Stas learns his squad has a mole and suspects each one, in turn. "Rad" distribution is taken over by Dunya. Stas asks Katya to risk her safety first by retrieving Gypsy's phone and later by getting Dunya's contacts list. Stas and Anton help Katya to find her mother, Olya. Vera initially suspects Stas had cheated on her; that he was bribed by drug dealers; and that he fathered a son with a prostitute. Later Vera finds her suspicions were false. Artur buys black market drugs: pain-killers for his ex-wife. Ksyu spied on fellow squad members for Internal Affairs. Dima is arrested after being linked to a human trafficking ring and threatening to kill Vera. Igor is questioned about knowing Lena and buying "Rad" from Gypsy. Next day he is found dead of an overdose. Lyosha stalked Stas and is friends with Igor's mother. Katya's involvement in the investigations results in her being questioned. Vera is threatened, at gun-point, on her birthday. Stas asks Katya to convince his remaining squad members to save Vera.

Cast 

 Denis Shvedov as Stanislav "Stas" Khabarov, Moscow police detective, uses unorthodox methods. His wife, Vera asked him to move out of their flat.
 Evgeniya Brik as Vera Khabarova, police officer, suspected Stas of cheating.
 Angelina Zagrebina as Ekaterina "Katya" Savelieva, 18-year-old woman, first-year Psychology major at a Moscow college, able to see and hear Stas. She is prescribed Amitriptyline for major depressive disorder due to her parents' deaths.
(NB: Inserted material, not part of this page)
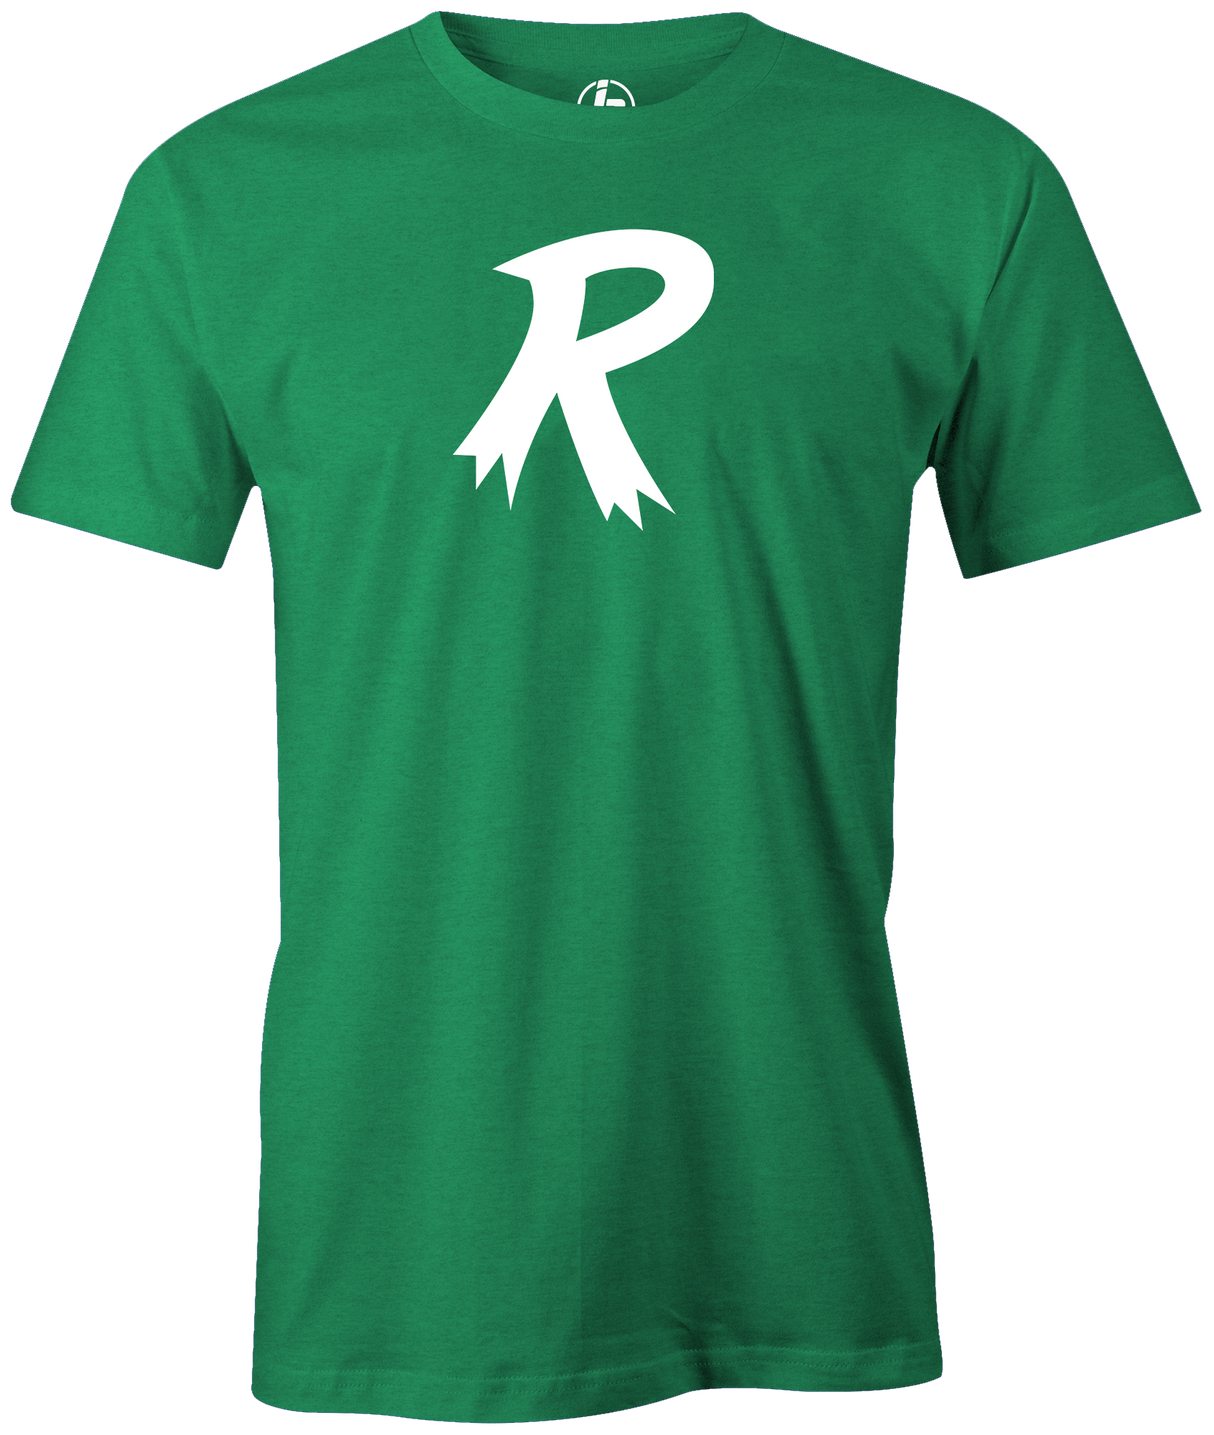 Radical "R" T-shirt

She also has a fear of heights.
 Sergey Belyaev as Victor Sergeevich Yegorov, detective squad boss, Stas and Vera's friend.
 Nadezhda Borisova as Ksyukha "Ksyu", detective, investigates a young woman's drug-related death.
 Evgeniy Kharitonov as Artur, detective, divorced, tries to romance Ksyu.
 Pavel Vorozhtsov as Dima, detective, married to Nastya, father of three, has a low arrest rate.
  as Aleksey Anatolievich "Lyosha" Samartsev, Vera's superior, Lilya's domestic partner but tries to romance Vera.
 Ivan Zlobin as Anton Sointsev, first-year Psychology major, befriends Katya, amateur hang musician.
 Safiya Yarullina as Dina, first-year Psychology major, briefly befriends Katya.
 Dan Rozin as Igor Garik Orlov ("Garik"), fifth-year college student, plies girlfriends with alcohol and drugs.
 Nikita Kologrivyy as Artyom, Igor's drinking buddy, druggie.
 Ilya Kremnev as Gypsy, major drug dealer, promotes synthetic drug "Rad".
 Tatyana Zhuravlyova as Ira ("Katya's aunt"), who raised Katya after her parents died in 2008.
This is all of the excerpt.